● **Collected material**
▼▼▼

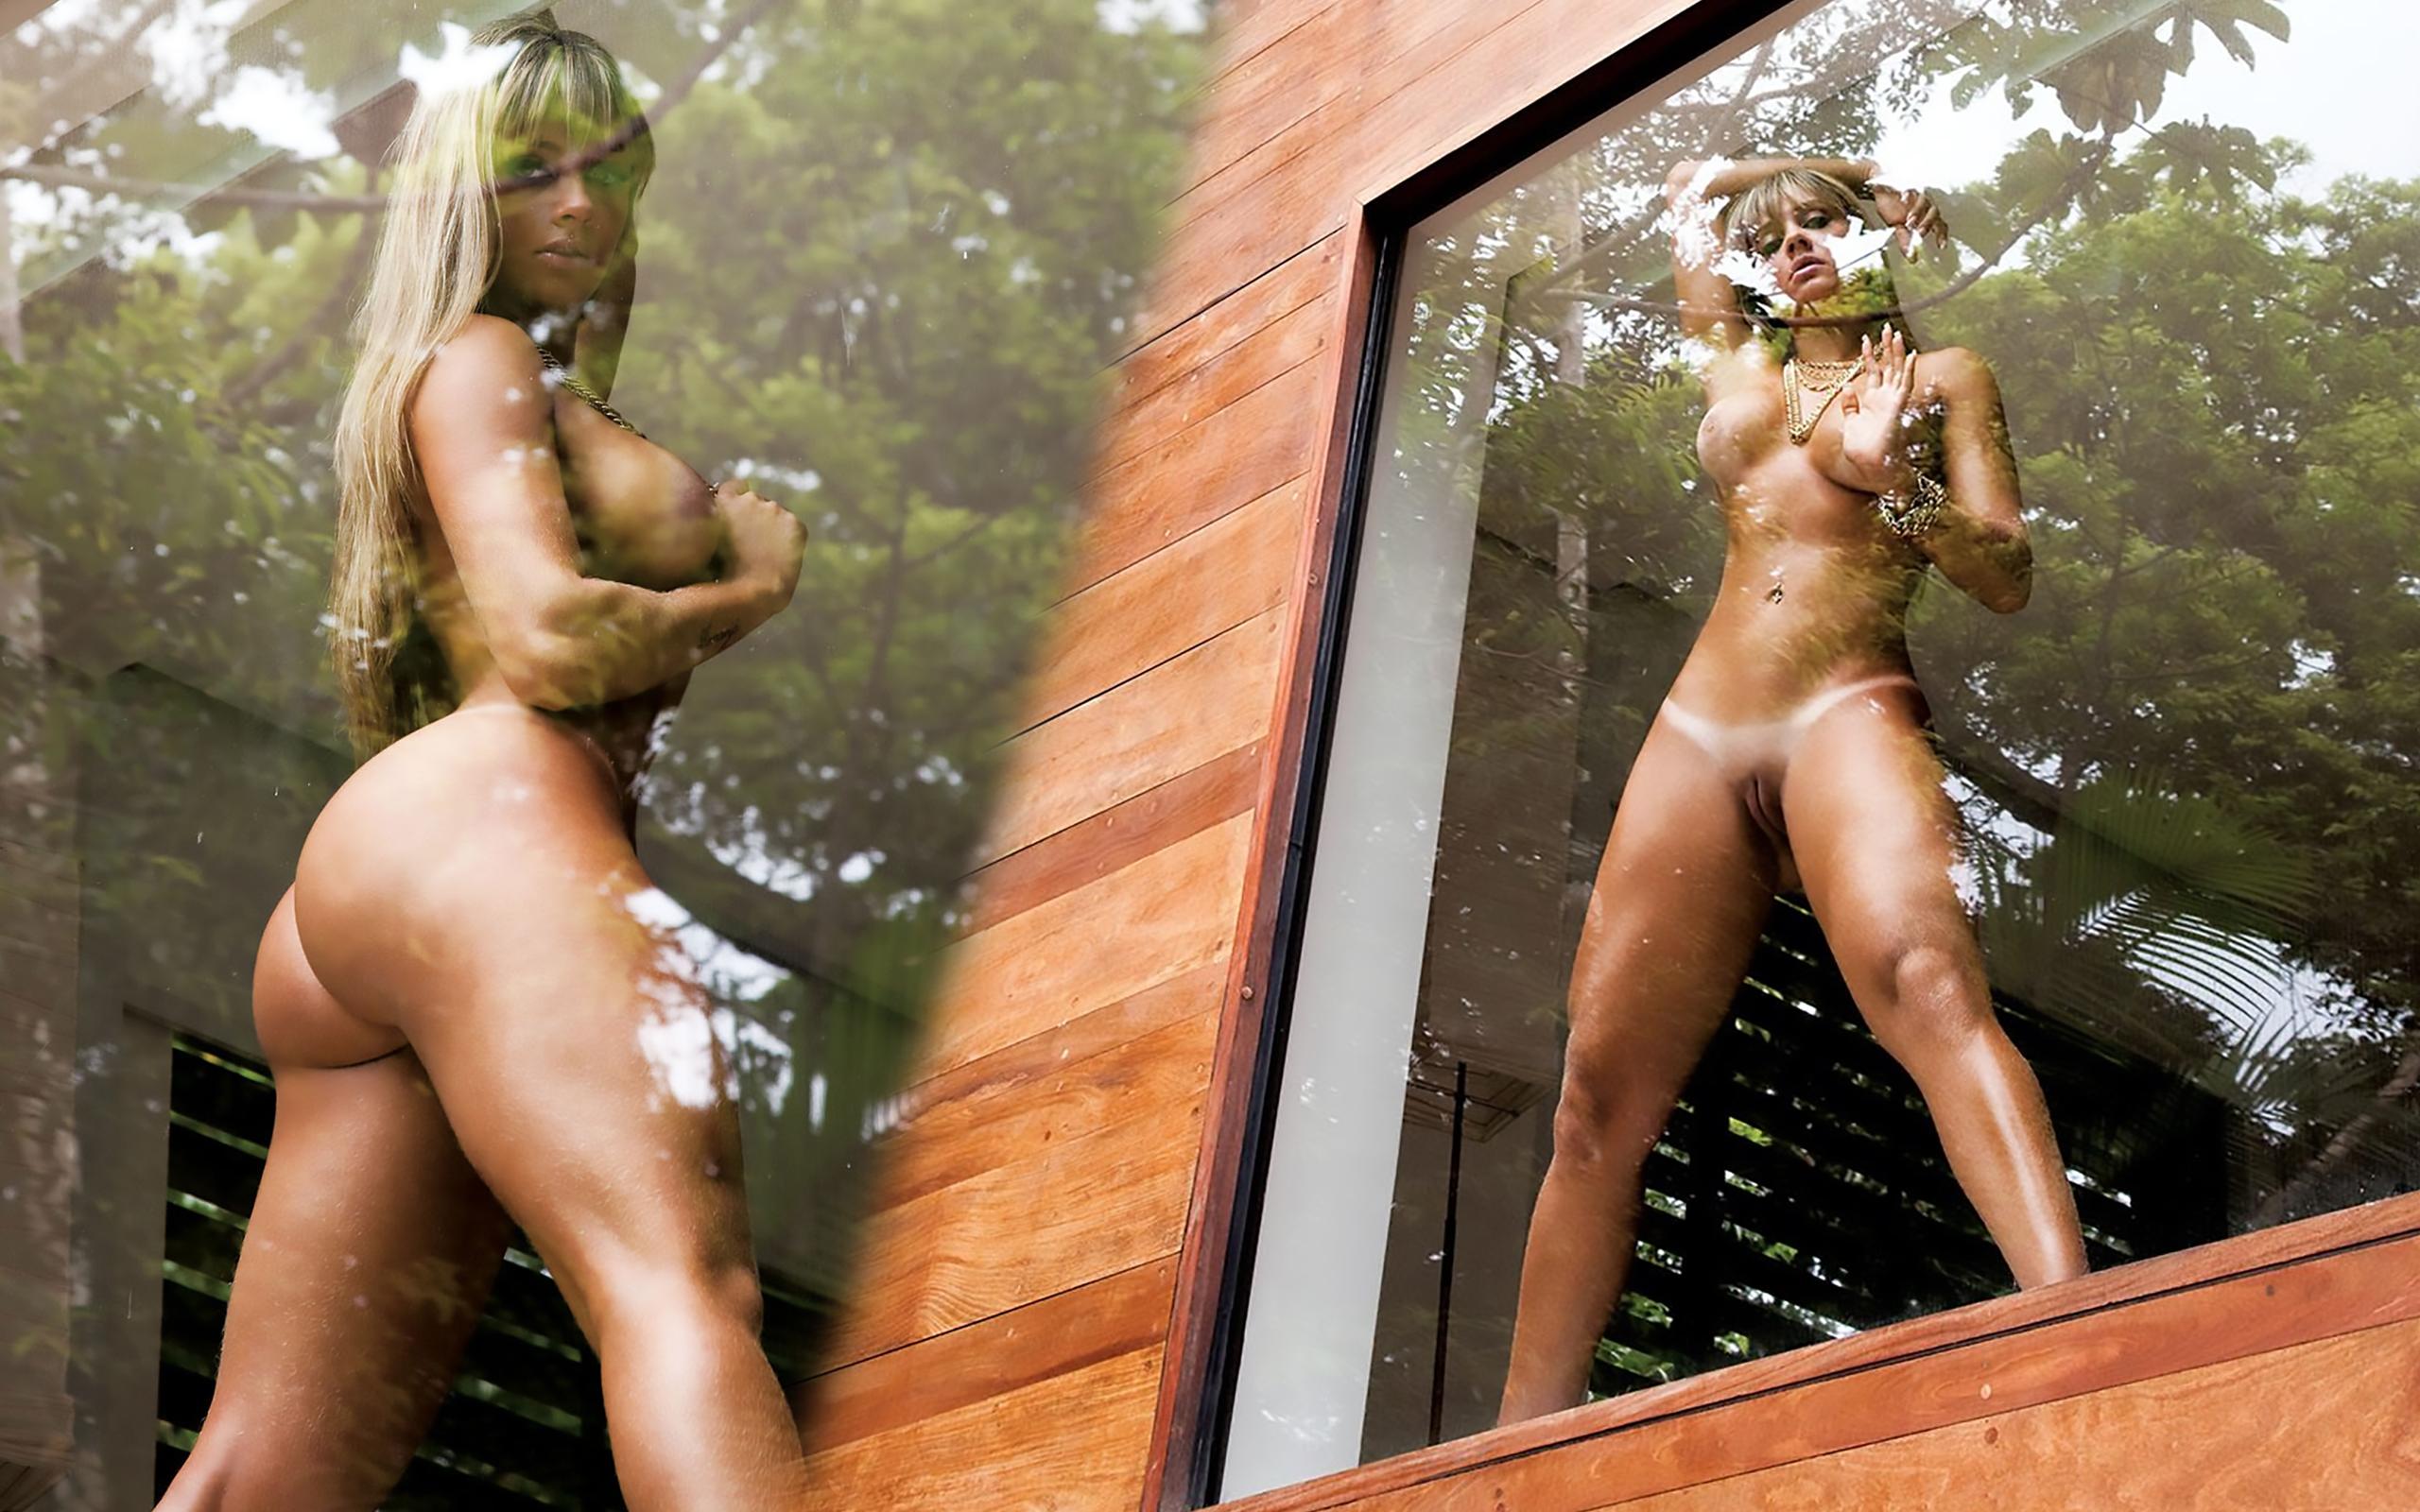 Juju pornstar nude, anjali nude and sexy
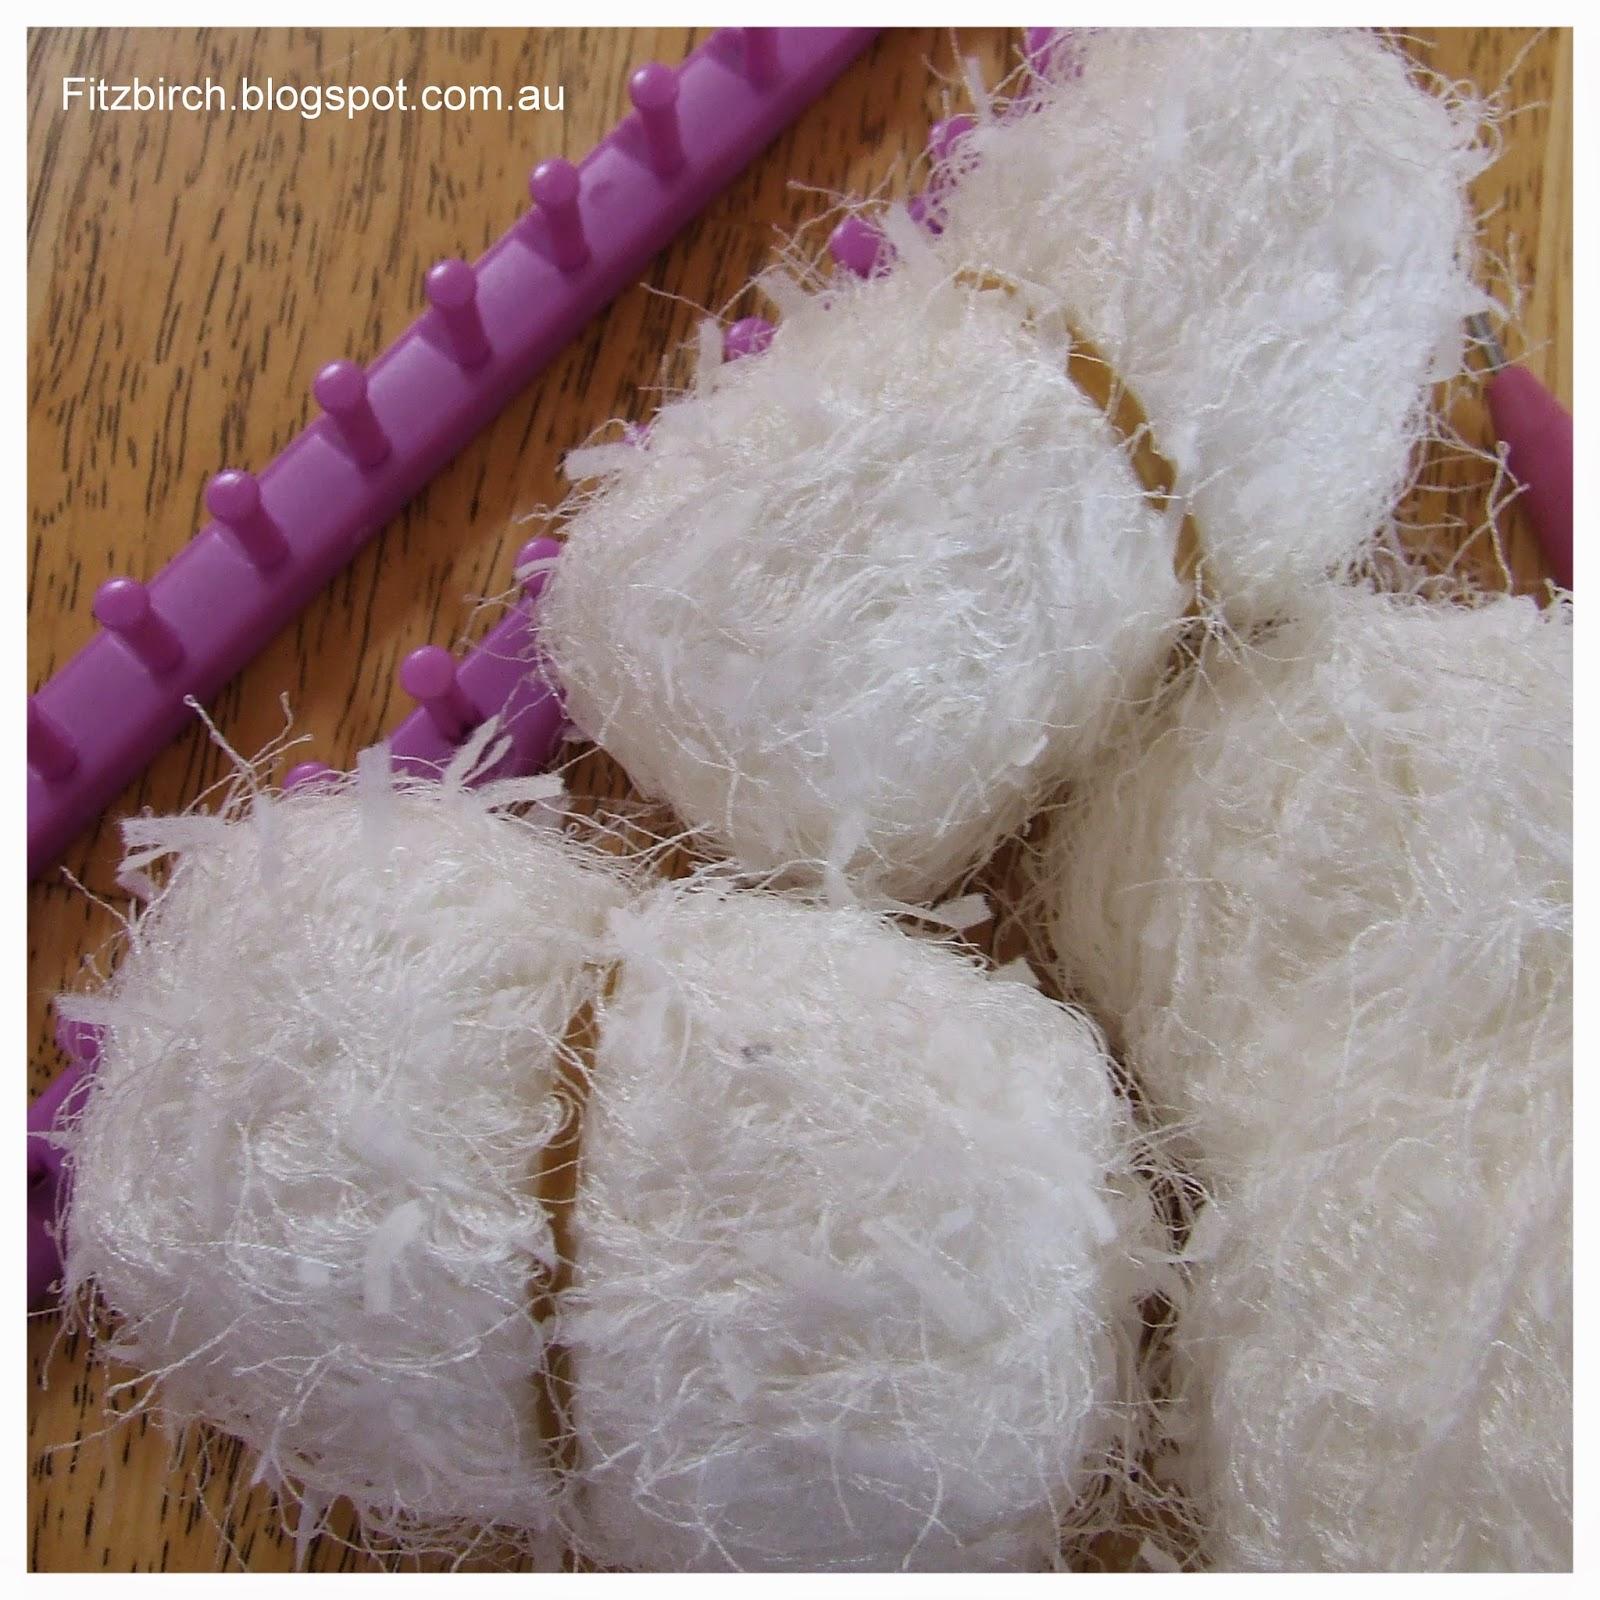 Knitting Loom Scarf Stitches : FitzBirch Crafts: Loom Knit Figure 8 Stitch Scarf
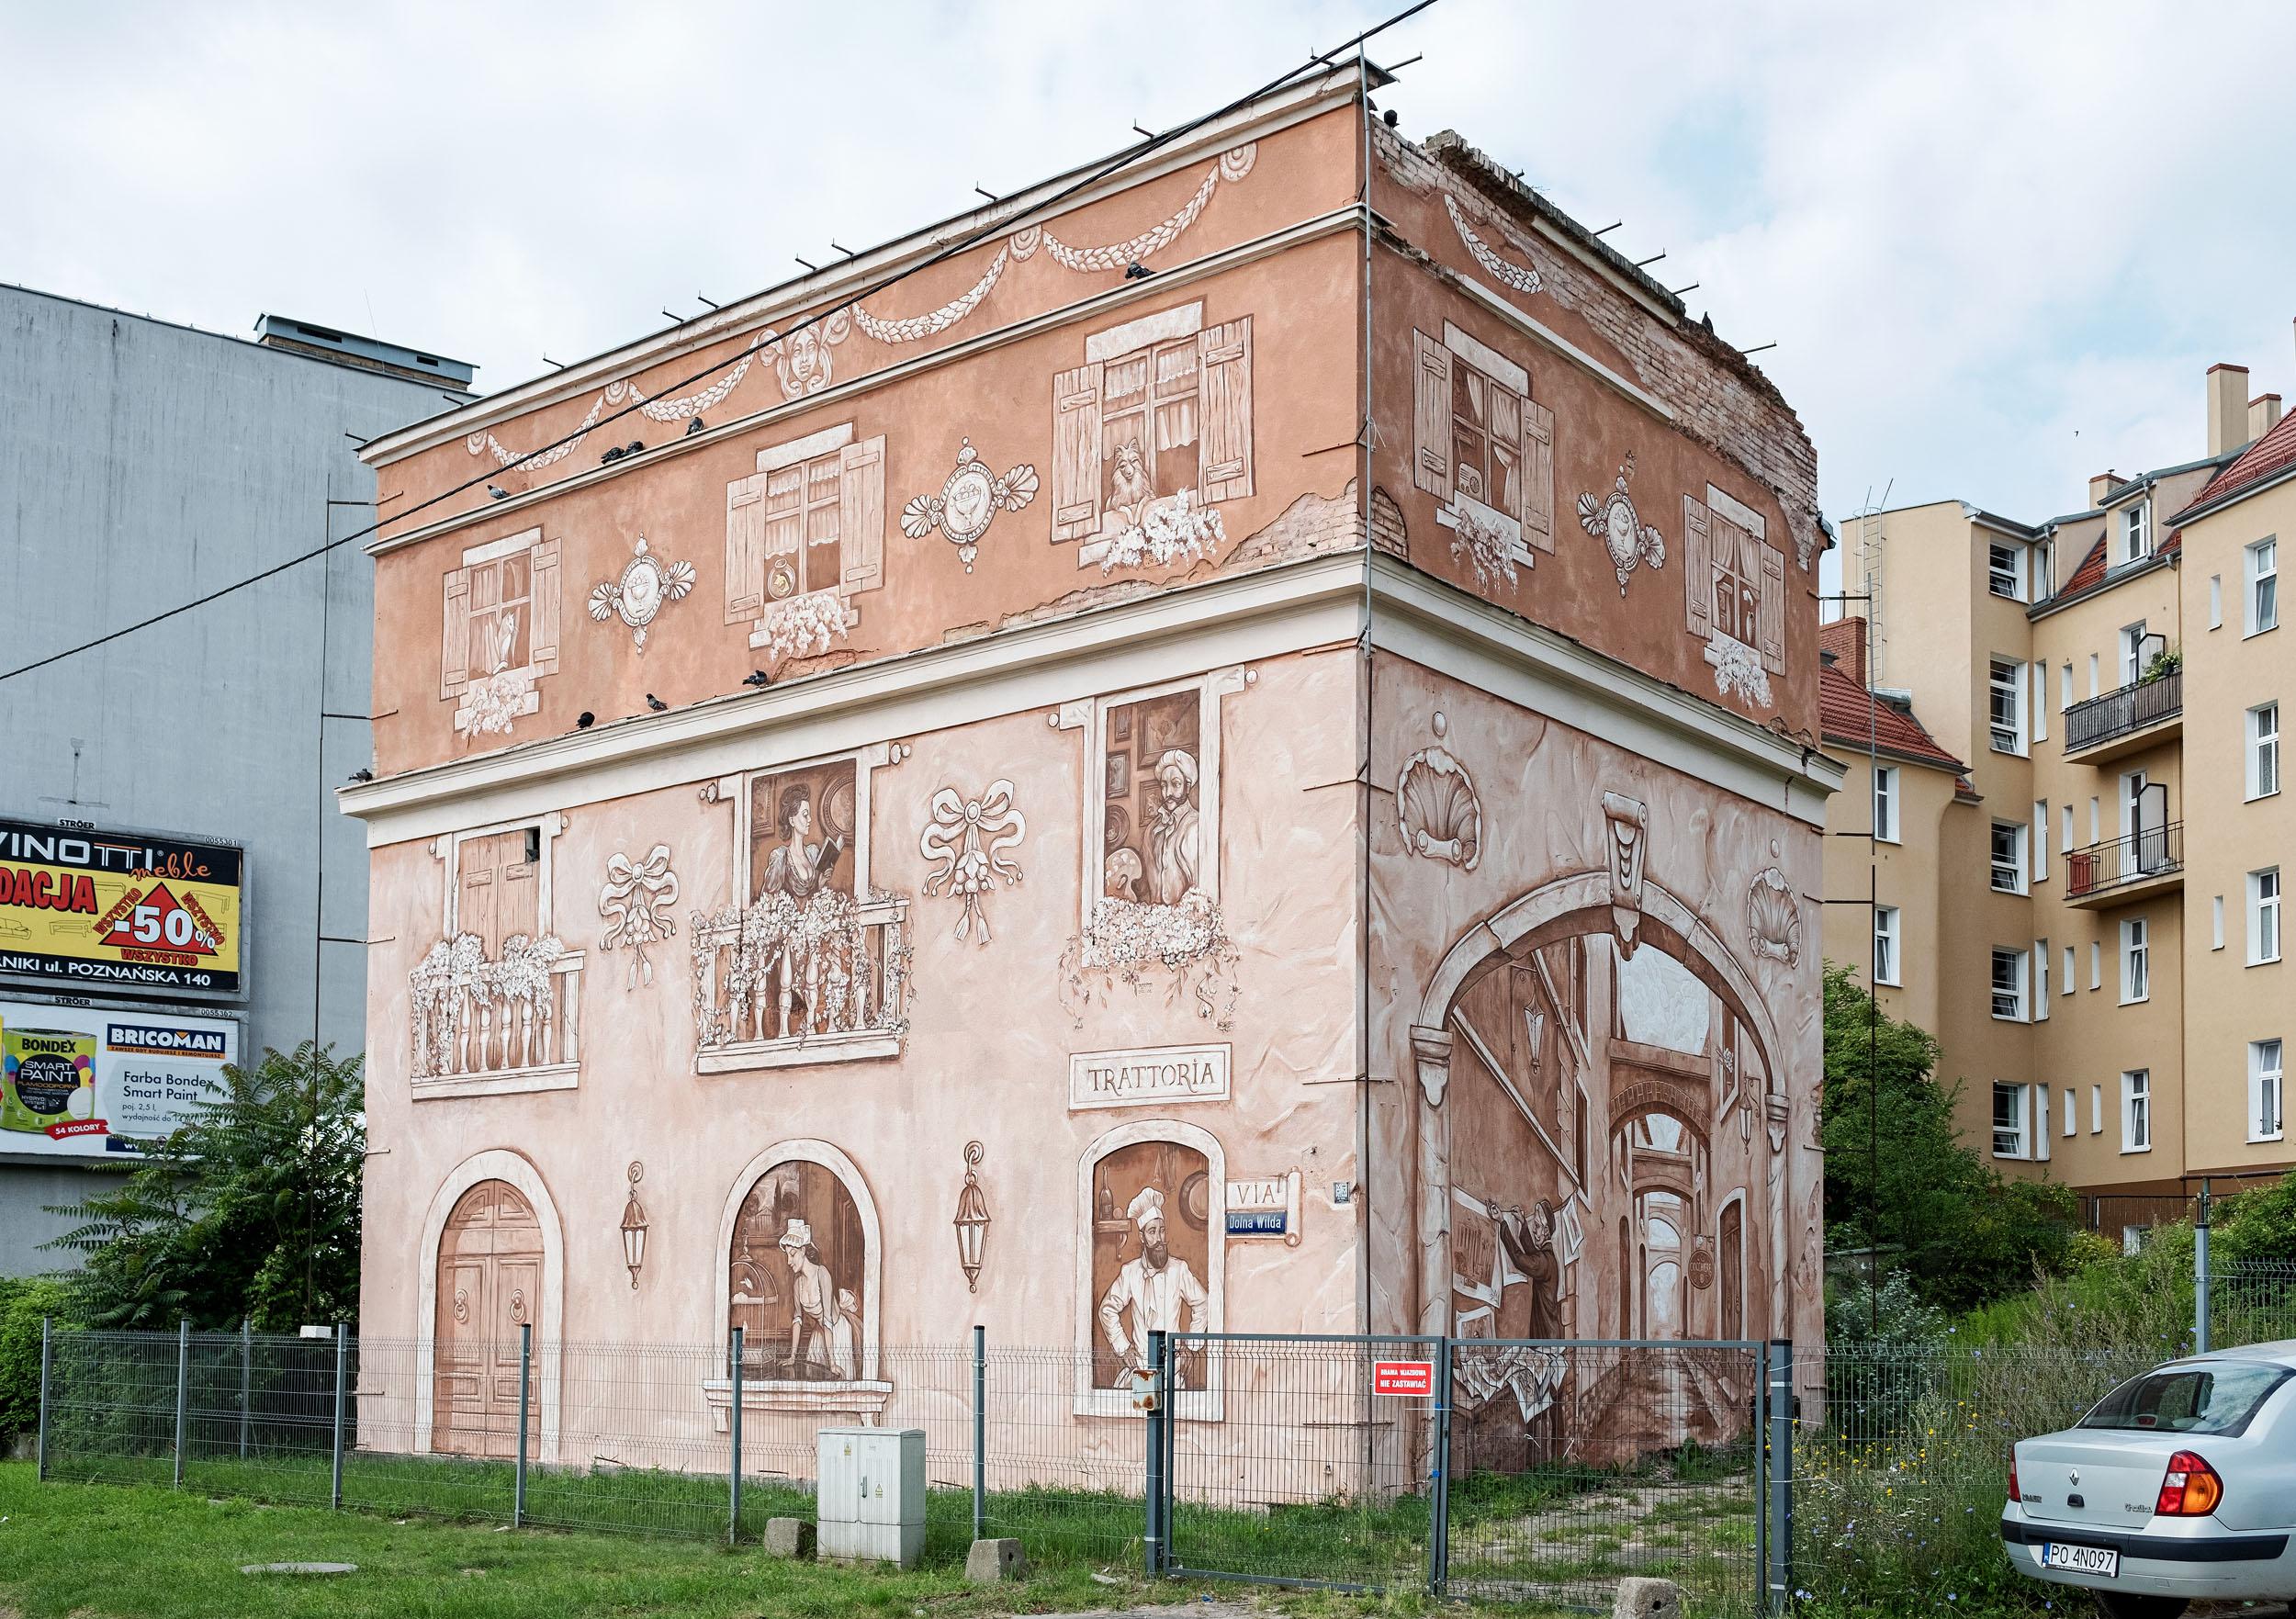 Neighbors โปรเจ็กต์ศิลปะในโปแลนด์ เปลี่ยนผนังบ้านร้างสร้างสัมพันธ์ฉันท์เพื่อน

▲▲▲

● **About this exercise**
Copy the listing exactly. No images belong in the copy.

● **Task answer**
 Juju pornstar nude, anjali nude and sexy
 Knitting Loom Scarf Stitches : FitzBirch Crafts: Loom Knit Figure 8 Stitch Scarf
 Neighbors โปรเจ็กต์ศิลปะในโปแลนด์ เปลี่ยนผนังบ้านร้างสร้างสัมพันธ์ฉันท์เพื่อน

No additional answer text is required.